Jekel et al test two different algorithms that are based upon different psychologically plausible properties. One is based on the sensitivity to the strength of evidence. A high activation for one option and a low activation for the the other option result from an interplay between an unambiguous cue-pattern in a trial (e.g., most cues favor one option)and high net-weights for connections between the source node and validity nodes (i.e., a clear cue-pattern does not necessarily maximize the difference between node-activations when net-weights for validities are low or indistinct from each other). Those differences relate to observed confidence judgments in participants’ decisions. This alternative model **PCS Transformation** also includes a free parameter gamma that accounts for individual differences in how differences in node-activations map to choice-probabilities. A decreasing gamma results in a decreasing sensitivity to the activations of the options in the network (e.g., for gamma = 0, probabilities for both options are .5, that is, a participant is insensitive to differences in node activations).

The second algorithm is **PCS Noise.** It assumes that learning of cue-validities and thus updating of validity-weights in PCS is not deterministic but noisy. This approach shares the same Delta-learning rule for updating net-weights with the other approach of implementing learning in PCS, but differs on how deterministic predictions of PCS are transformed into probabilistic predictions by assuming that updating of cue-validities is partially probabilistic due to unsystematic error in the learning process. To simulate noisy updating of validity-weights in PCS for trial t, a random number from a normal distribution is added to the validity-weight after each trial.

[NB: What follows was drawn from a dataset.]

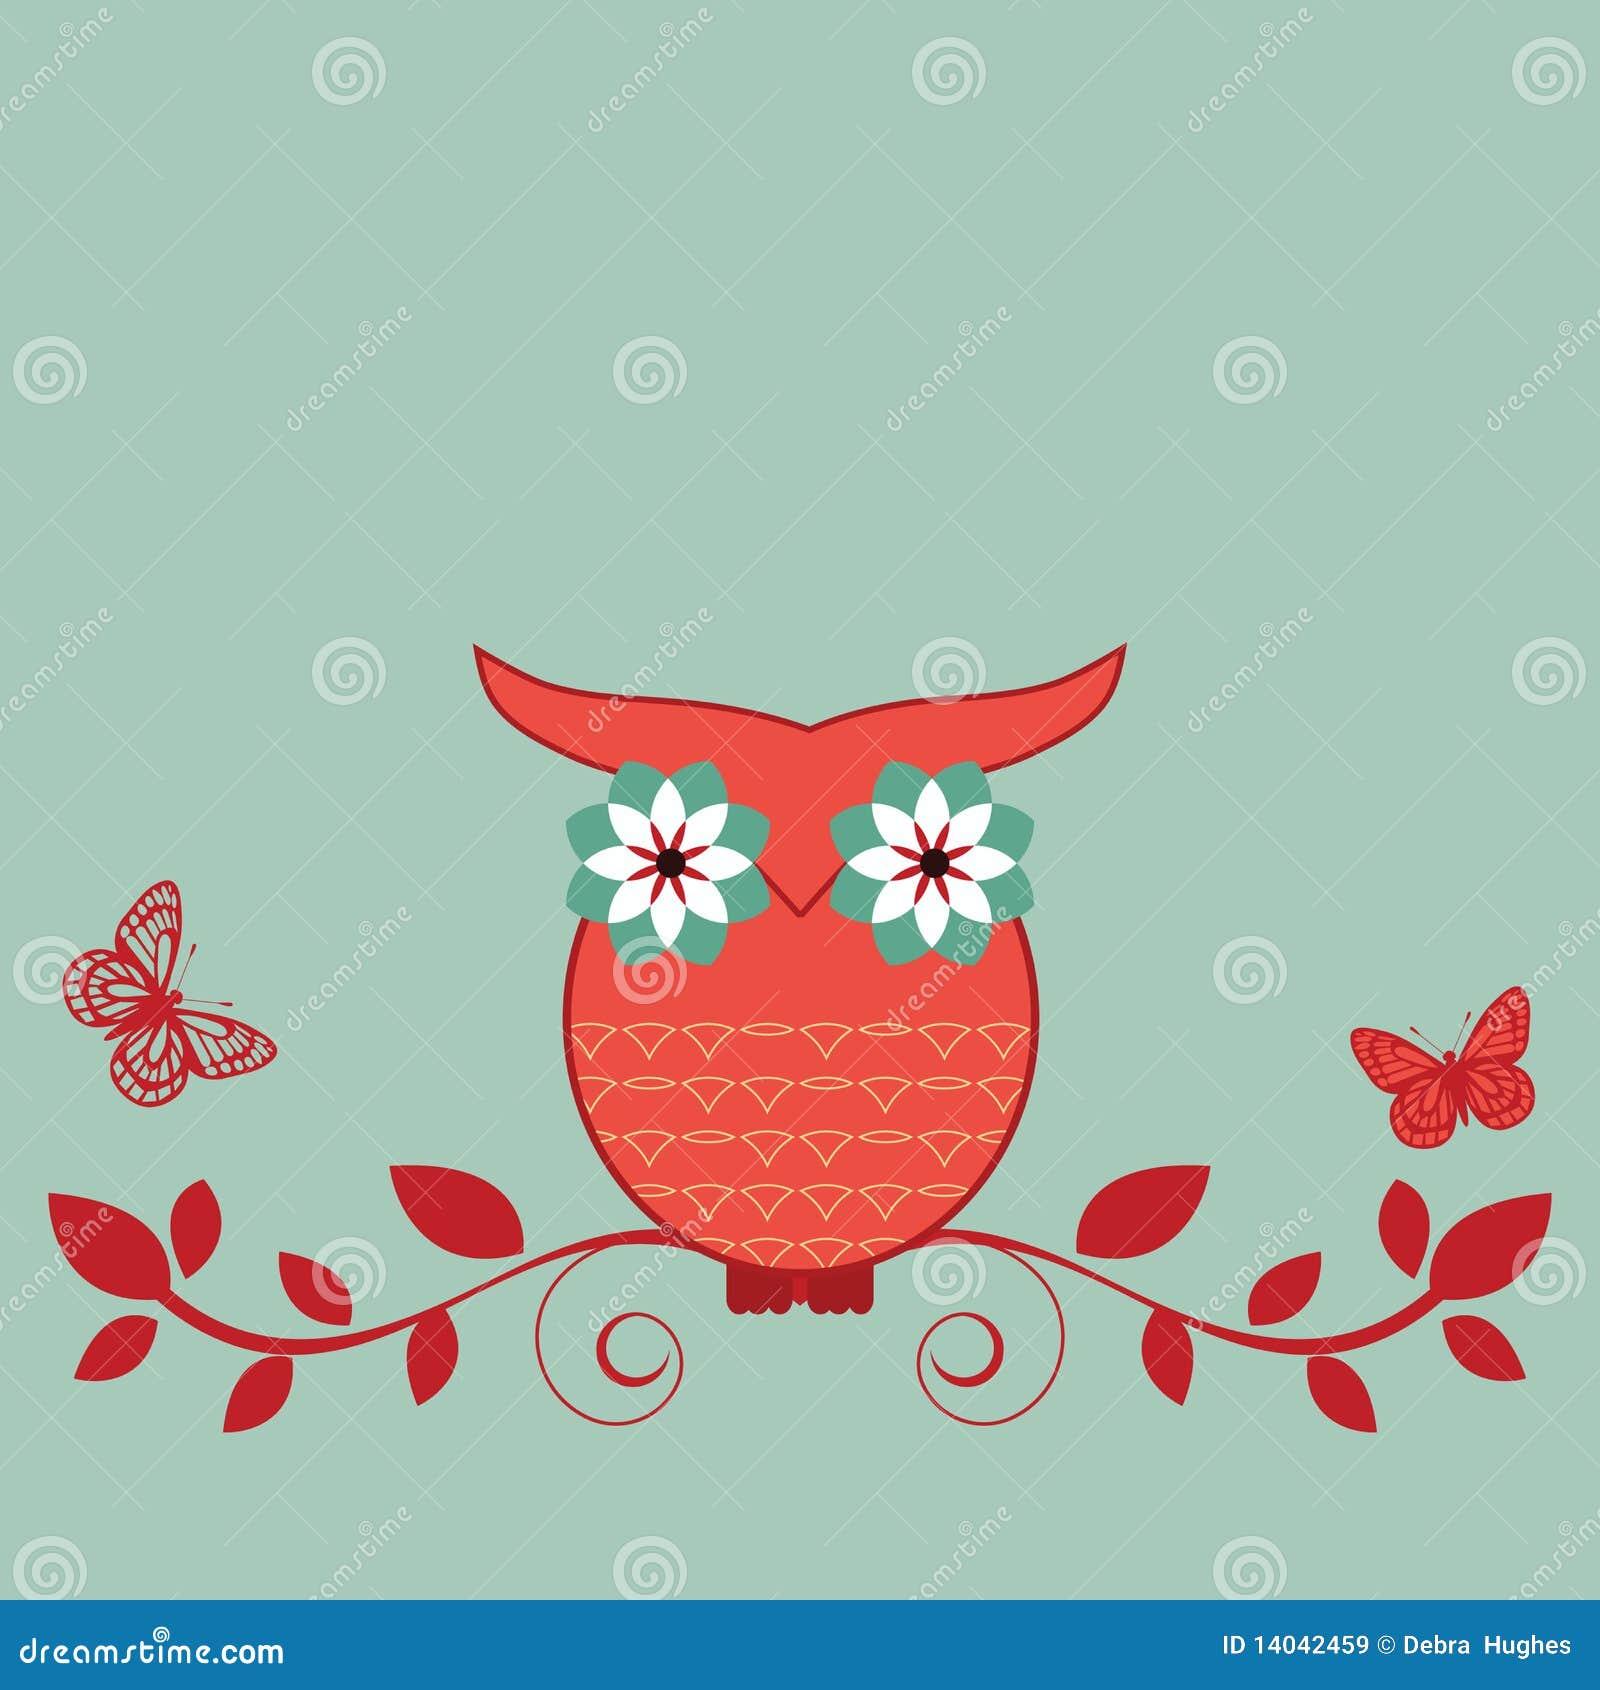 Owl on a vine

To test the models, the authors used a hypothetical stock-market game. Participants were asked to select the more profitable of two stocks in a series of trials consisting each of a new pair of stocks. Participants were provided with information from five experts (i.e., cues) that made recommendation concerning whether the expected profitability of the respective stock was good or bad (i.e., binary cues). The recommendations of each expert could differentiate between the two options or could be indifferent between options (i.e., both options recommended). Participants received information on the ranking of the experts according to their validity in the first round (i.e., expert A was the most valid cue, expert B the second most valid and so on). The authors defined the better of two option for each trial as the more probable option in accordance with (naïve) Bayes given the cue-pattern and the validities of the experts in the environment. After each decision, participants received feedback about the better option and could thereby update subjective validities for the five experts and/or the success of decision strategies. Three different experiments were run with tens of thousands of responses. **The PCS Noise** Model was the most accurate in predicting responses at 89% and in predicting response times.

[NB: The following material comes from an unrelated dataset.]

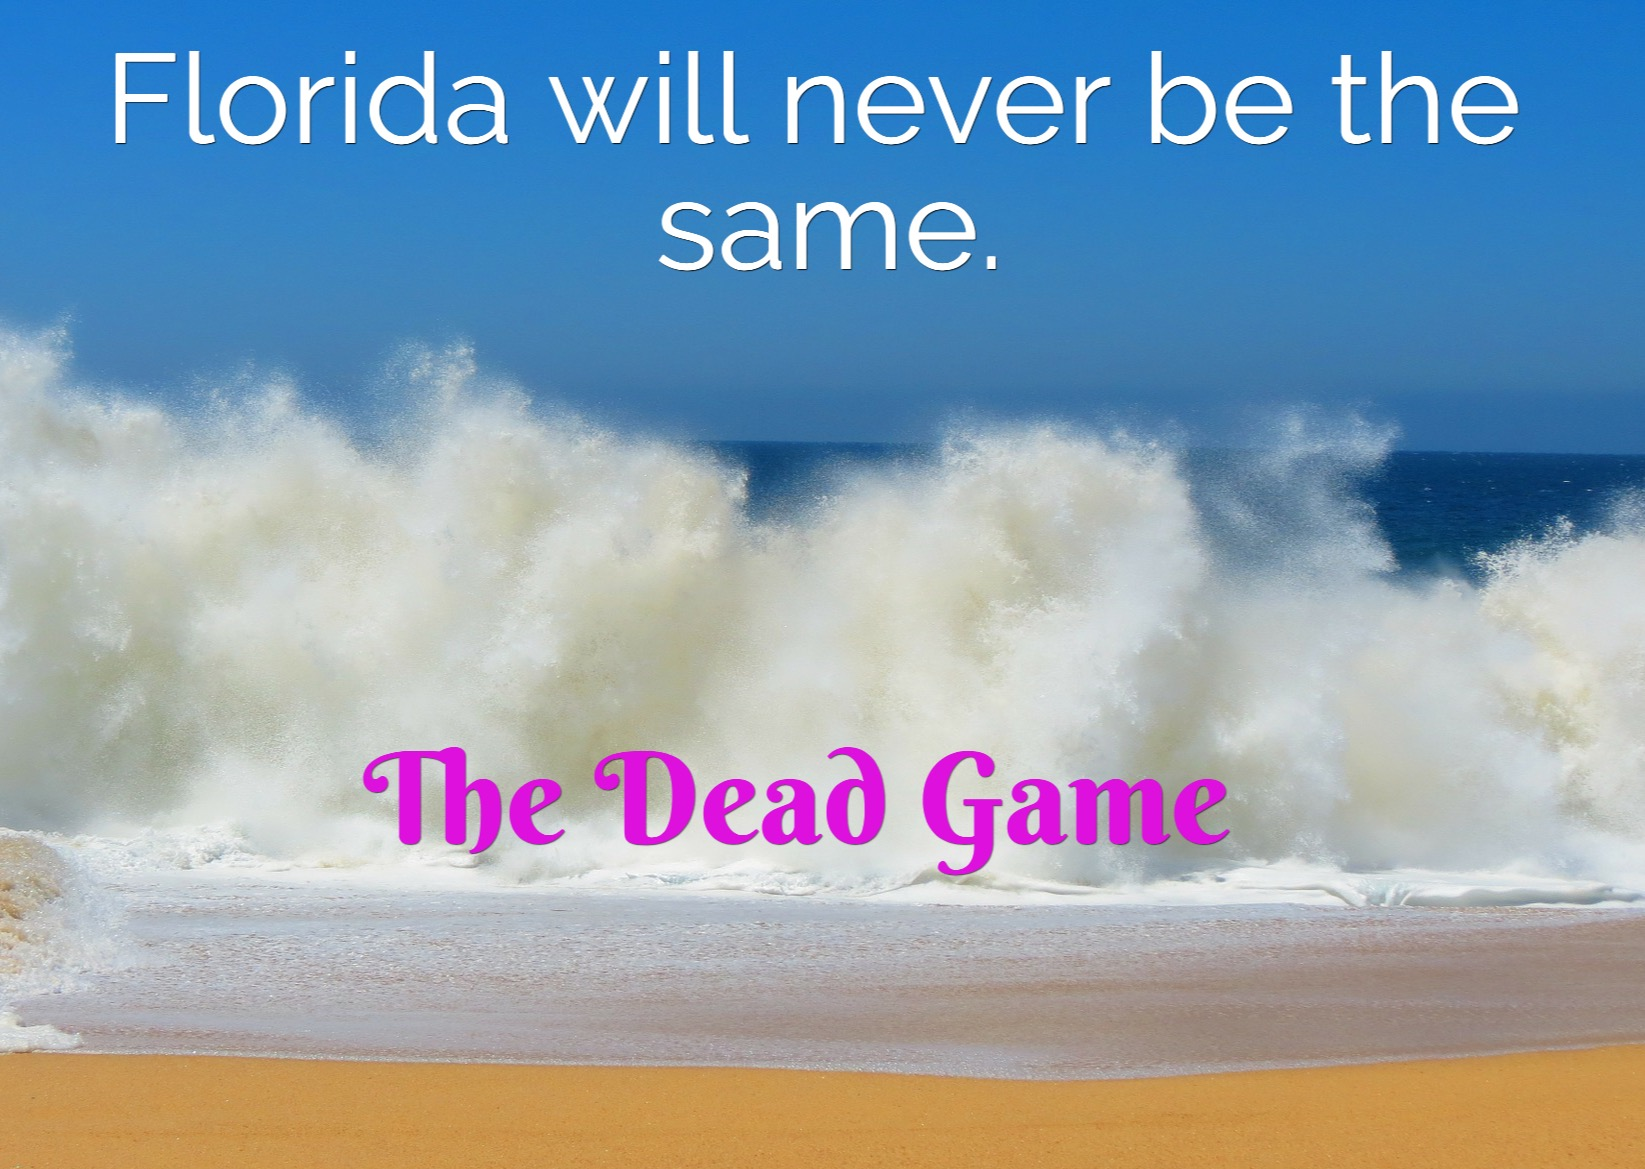 Florida never be same

The models predict and the experiments verify that a higher learning rate in both PCS implementations lead to higher performance rates, while a high sensitivity gamma and a low standard deviation for error are significantly related to higher performance. Both PCS models make different predictions for decision times based on the number of iterations. The higher the number of iterations, the slower the expected decision time. Second, **PCS Noise** differs from all other models in its tendency to scatter probabilities for predicted choices across the entire range of probabilities.

Results show that the assumption of powerful automatic cognitive processes that take many pieces of information into account can explain human learning of cue-criterion relations and integration well. Low decision times (i.e., between one and two seconds) and mostly incorrect rankings of cues according to validity further speak for automatic processes that resemble characteristics of intuition.